The nucleation of cooperative lipid tilting and the formation of packing defects can also be observed in the one-dimensional case, the highly-deformed perimeter of a zone of tight membrane adhesion (Figure 2C). Instabilities in such a perimeter have been detected by simulation techniques (coarse-grained [36], dissipative particle dynamics [35], reviewed by [23]). These works revealed a very interesting phenomenon, the induction of lipid flips between contacting monolayers, i.e. an ability of one of the lipid tails to jump from one monolayer to another forming a single molecular bridge (Figure 2D). Such mono-lipid bridges further self-assemble into structures corresponding to points defects, stalks and finally can expand to a pronounced hemi-fusion (Figure 2D [35]).

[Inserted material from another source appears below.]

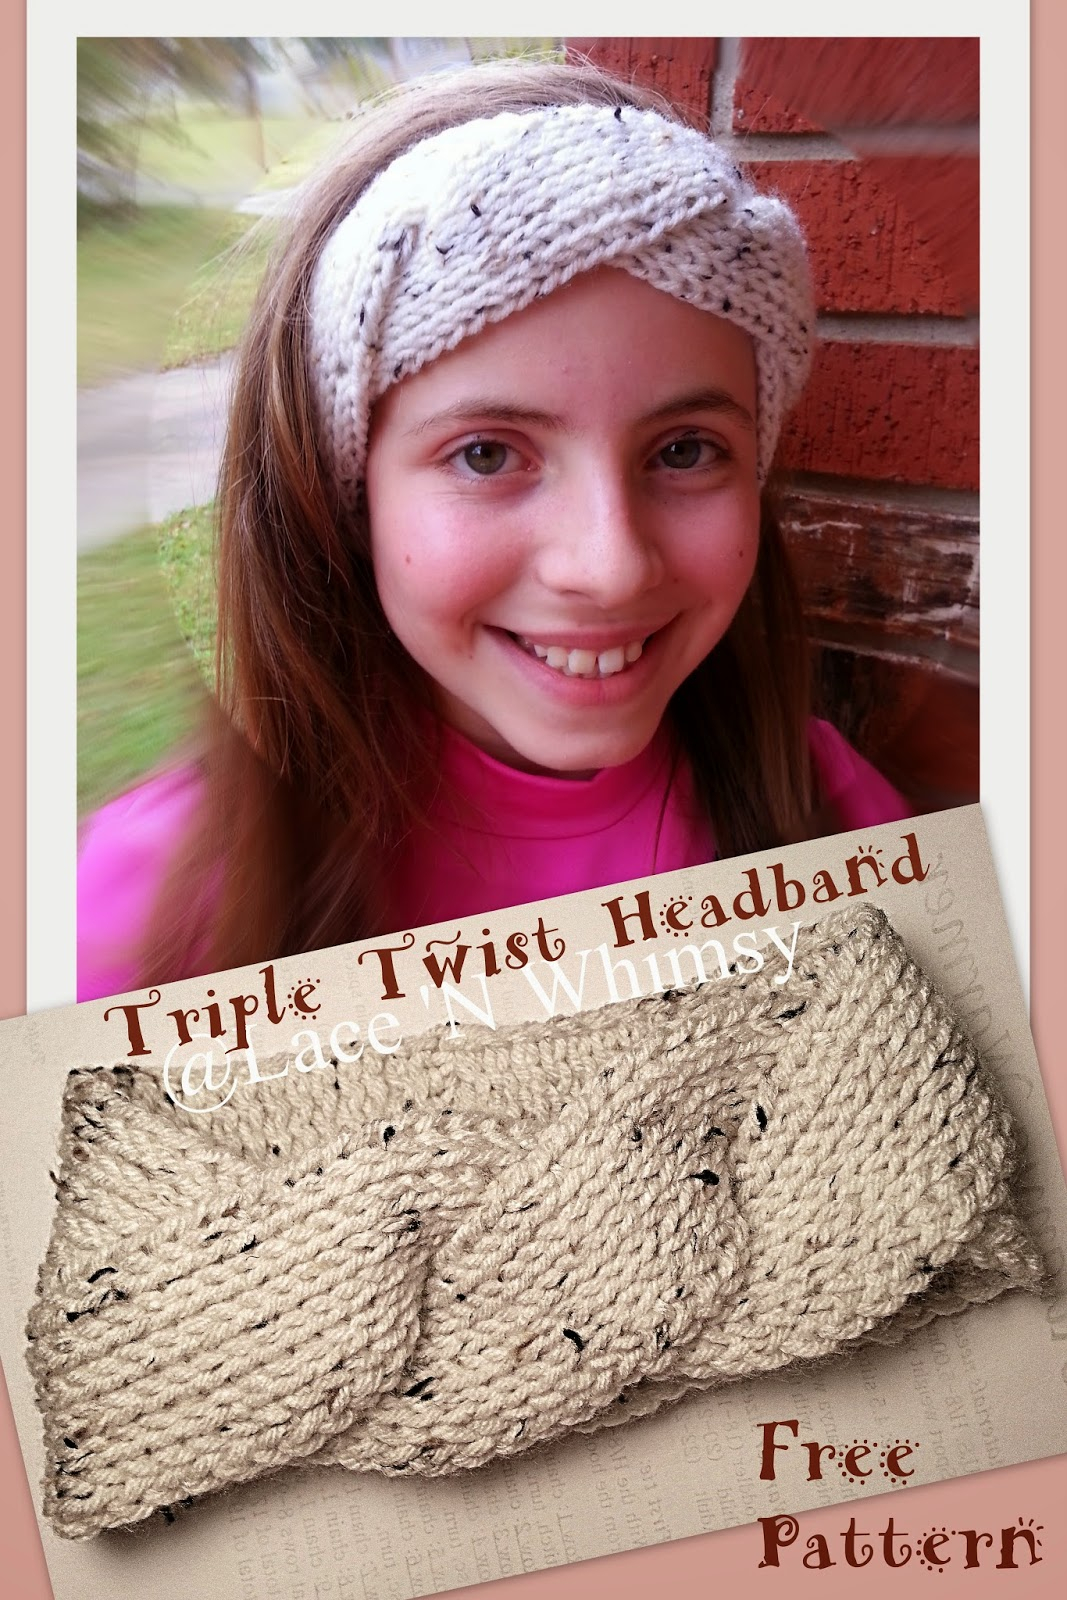 Crochet Headbands Ear Warmers Patterns Free Lace And Whimsy Triple Twist Headband Ear Warmer Tunisian Knit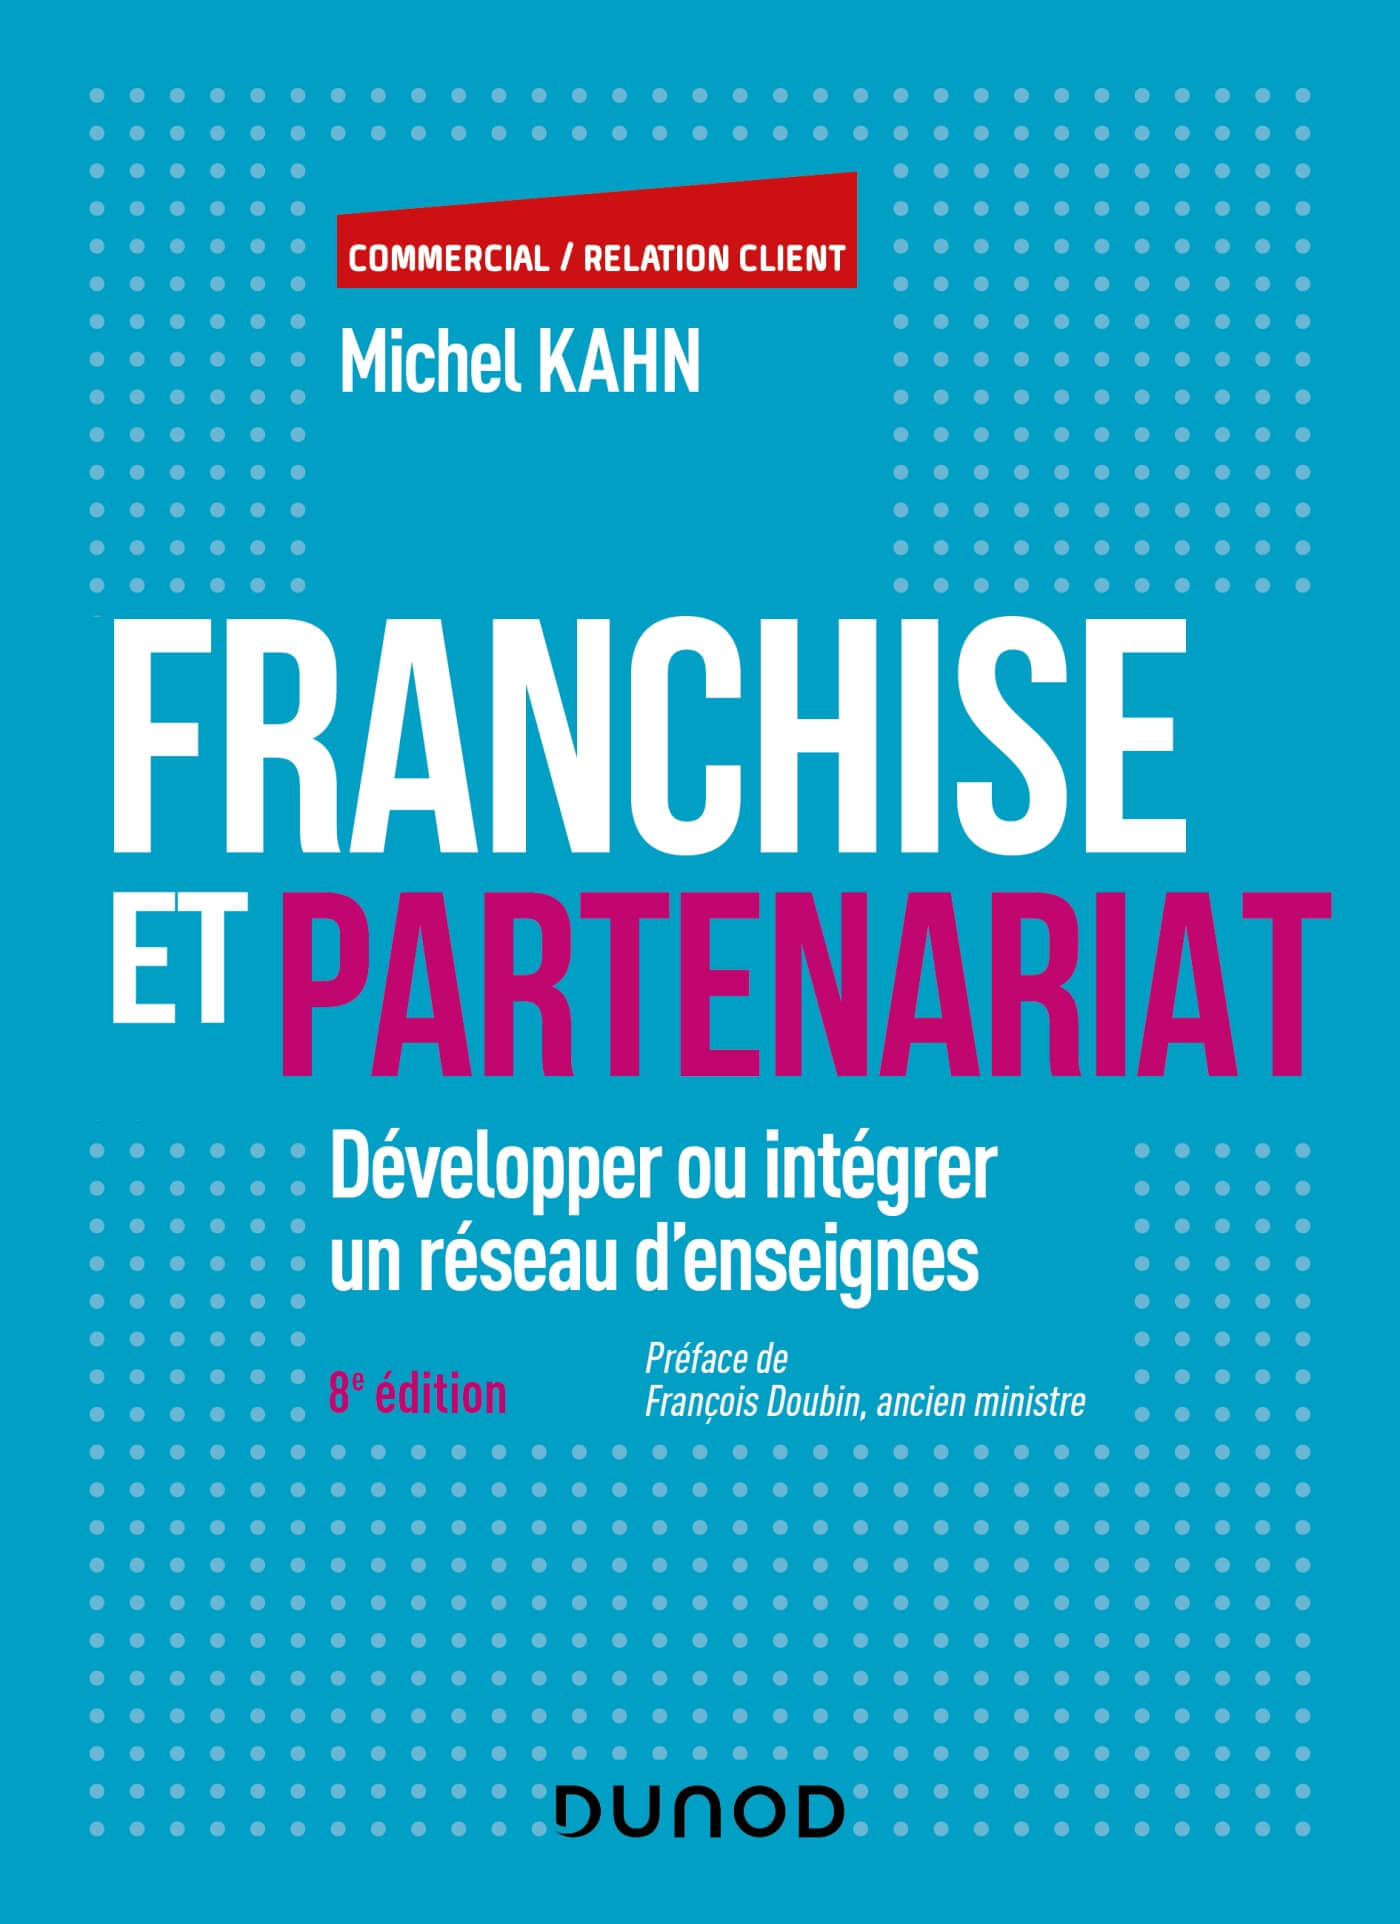 Franchise et partenariat : Développer ou intégrer un réseau d'enseignes par Michel Kahn

Importantly, these lipid flips are initiated only when membranes are at very close proximity, corroborating the prediction of Helfrich-based theories and mean field calculations [29,34]. Figure 2B illustrates that close membrane adhesion induces tilt-like deformations over the perimeter of the adhesion zone, where the lipid flipping starts. The analysis of these simulations leads to the hypothesis of energy barriers on the way to forming a metastable stalk intermediate. The hydration repulsion is overcome not by a cooperative (synchronous) tilting of a group of lipids, but one by one, each lipid jumping across the kinetic barrier, so that 2 barriers precede stalk formation (first for a single lipid jump, second, for association of the flipped lipids into a stalk [35]). It remains to be shown experimentally whether lipids jump one by one or cooperatively (i.e. as a whole bunch whose size is defined by energy minimization). However, all of the theoretical approaches agree upon the fact that large elastic stresses and a very specific lipid deformation, tilt, are deeply involved in the regulation of membrane fusion.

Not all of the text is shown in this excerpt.